Our cohort offers several advantages for the study of stroke subtypes. It is both hospital and community based, since all of our cases were from the immediate region surrounding the only hospital in the area. Our estimates indicate that 80% of all patients with ischemic strokes that occur in northern Manhattan were hospitalized at Presbyterian Hospital and that the proportion of nonhospitalized stroke is less than 10%. This helps to minimize selection and referral biases and maximize accuracy of stroke diagnoses and uniformity of acute-stage evaluations by race-ethnic group. In other ongoing studies, we are gathering information regarding patients with stroke who are not hospitalized at Presbyterian Hospital to evaluate stroke subtypes and ensure that our stroke sample is representative of the underlying population. The urban region also allows for the evaluation of black and Hispanic patients, often underrepresented in stroke studies.

Part of the difficulty in classification of ischemic stroke stems from the inability to discriminate between infarct subtypes on clinical grounds alone. In the Stroke Data Bank, some clinical characteristics were helpful in distinguishing infarct subtypes; however, clinical features that were observed at stroke onset were not reliable enough to lead to a definite determination of infarct subtype without confirmatory laboratory data.^{24 25} The choice of diagnostic laboratory tests may be influenced by physician bias, safety considerations, availability of certain technologies, and socioeconomic considerations.
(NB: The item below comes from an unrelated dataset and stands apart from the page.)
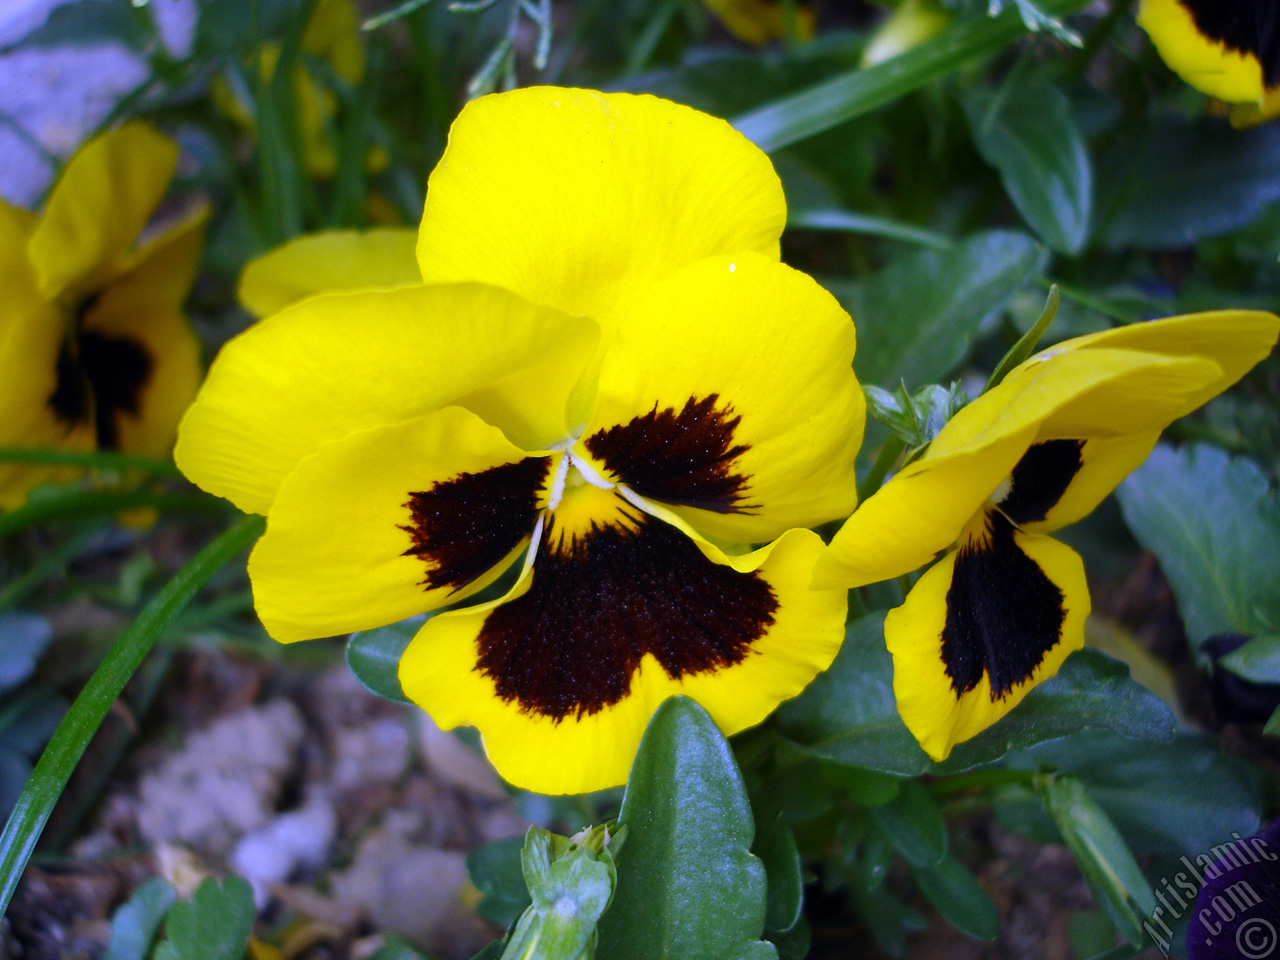 Yellow color Viola Tricolor -Heartsease, Pansy, Multicoloured Violet, Johnny Jump Up- flower.
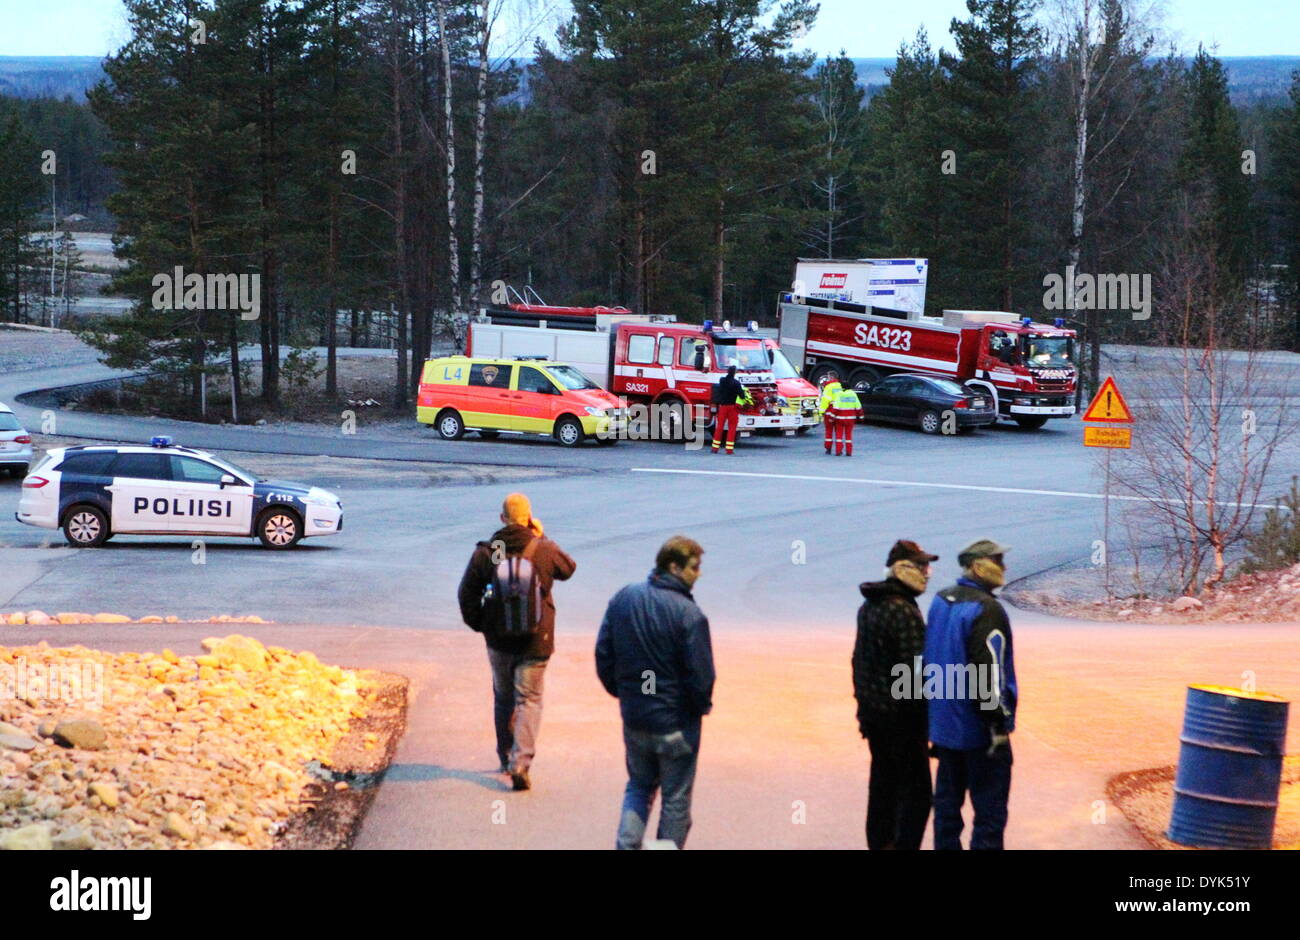 Jamijarvi, Finland. 20th Apr, 2014. Rescuers are seen at the Jamijarvi Airport, a popular gliding center shared by parachuting clubs, Finland, April 20, 2014. A small passenger plane carrying 10 parachuters crashed on Sunday near the Jamijarvi Airport in the Satakunta region, Southwest Finland, causing eight dead. © Zhang Xuan/Xinhua/Alamy Live News Stock Photo

Studies that rely on cerebral angiography to diagnose cerebral atherosclerosis could be more susceptible to such selection biases, particularly if the decision to pursue an angiogram in a patient with cerebral infarction was differential across race-ethnic groups. The use of noninvasive tests for the determination of cerebral infarction subtypes has helped minimize concerns about patient safety and eliminate race-ethnic selection biases. Moreover, TCD and magnetic resonance angiography have made the diagnosis of intracranial atherosclerotic infarction possible without the use of conventional cerebral angiography. In the Northern Manhattan Stroke Study, atherosclerotic stroke subtypes were diagnosed based on the frequent use of such noninvasive tests.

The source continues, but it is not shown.